Some people seem to be expressing impatience, and want to squelch the discussion with the conclusion: no lie. I can understand that perspective, but I am here out of boredom. I didn’t actually read the wikipedia article. I just used it for a reference for specific dates. I have since skimmed it a little. Behold this from it:
“Lake later claimed she attended McGill University and took a premed course for a year, intending to become a surgeon. With this being included in many press biographies (although she later declared her claim was a fabrication), Lake felt guilty and subsequently apologized to the president of McGill who was simply amused when she explained her habit of self-dramatizing.”
Given that, does your subjective probability that she lied about her age go up? (I didn’t even read that Veronica Lake was a stage name before either. She totally should have gone with Victoria Lake instead.)
If you’re bored, and still think that there’s something to your theory, do some digging on your own. See if you can find any articles, any fan sites, anything that presents any solid contradictory evidence to 1922 as her birth year. If you find that, let us know. Otherwise, you’re just noodling and looking for a reason to ignore the evidence we’re showing you.
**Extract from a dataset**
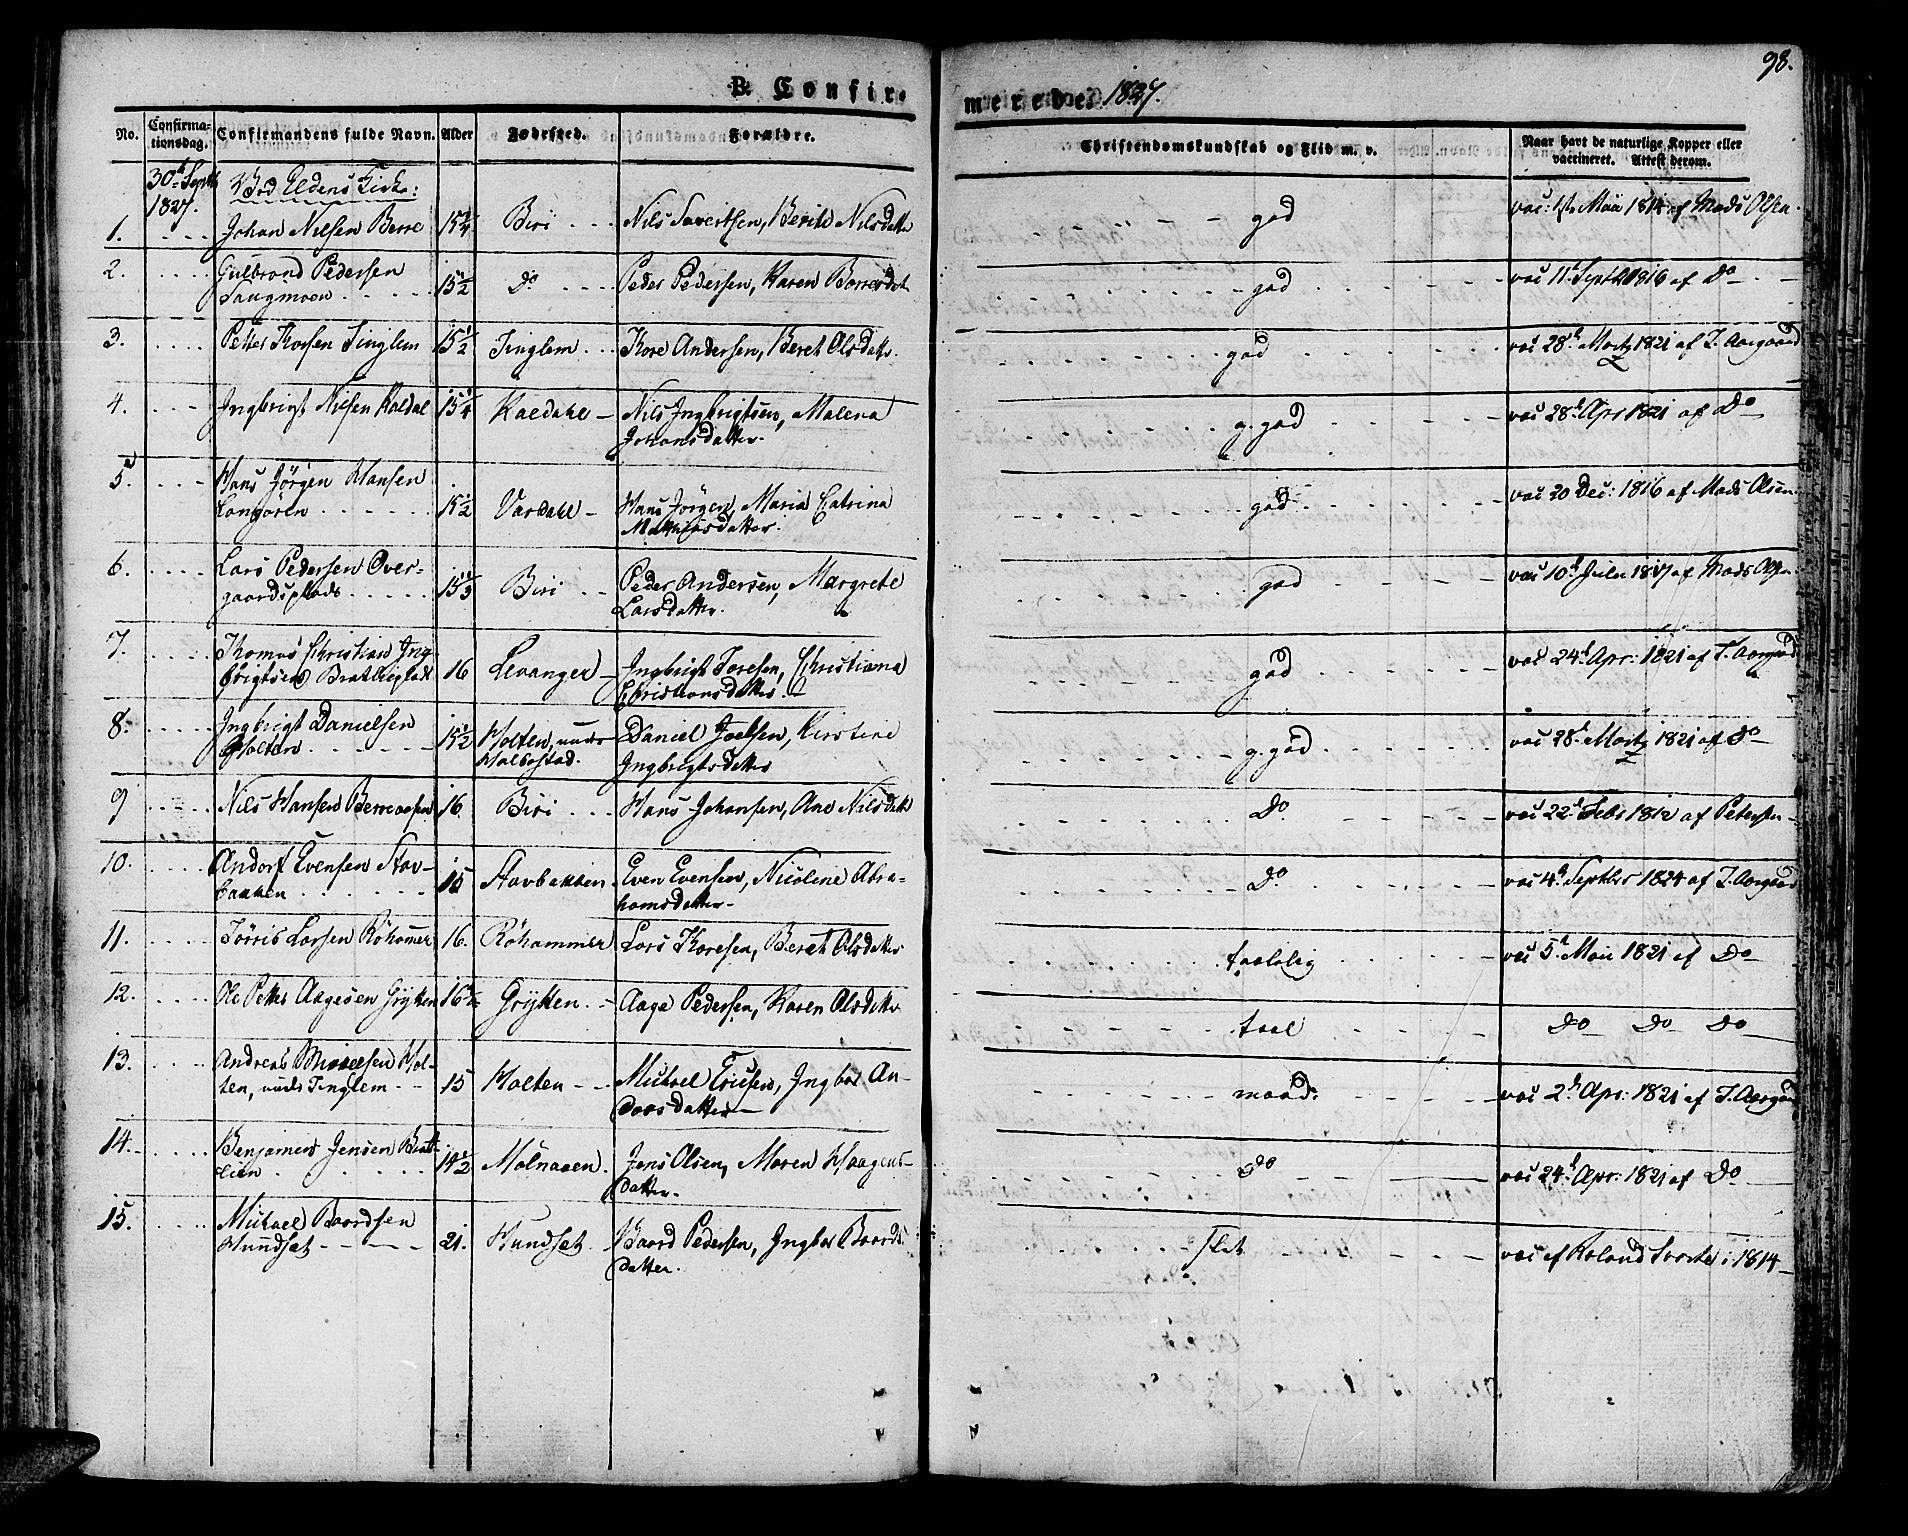 SAT, Ministerialprotokoller, klokkerbøker og fødselsregistre - Nord-Trøndelag, 741/L0390: Ministerialbok nr. 741A04, 1822-1836, s. 98

I just thought it was a good time/place to mention it. I find it hard to believe… I know now, with the psychiatric drugs they have now, they can make you put on as much as a pound a day! She would never have been a star today if she had that horrible illness.
What if she knew of a schizophrenic 20 years younger than her (and so recorded in a census), and coordinated with said person’s mom to say Veronica Lake is my daughter? As pointed out above (serious enough) schizophrenia = institutionalization in 1900 to 1950’s America. Again, just bored musing.
It’s getting less like musing and more like confabulation, though. People are not hastily dismissing what you’re saying - they’re dismissing it all right, but it’s being dismissed by evidence and careful consideration.
A random seven year old that happened to have her name? Which as I’ll remind you is the not very common name of Constance Ockelman. And this other Constance Ockelman happened to be living in Lake’s home town. And happened to be living with Lake’s parents.
I’ll also point out another problem with your theory; Lake’s mother was only twenty years old when Lake was born.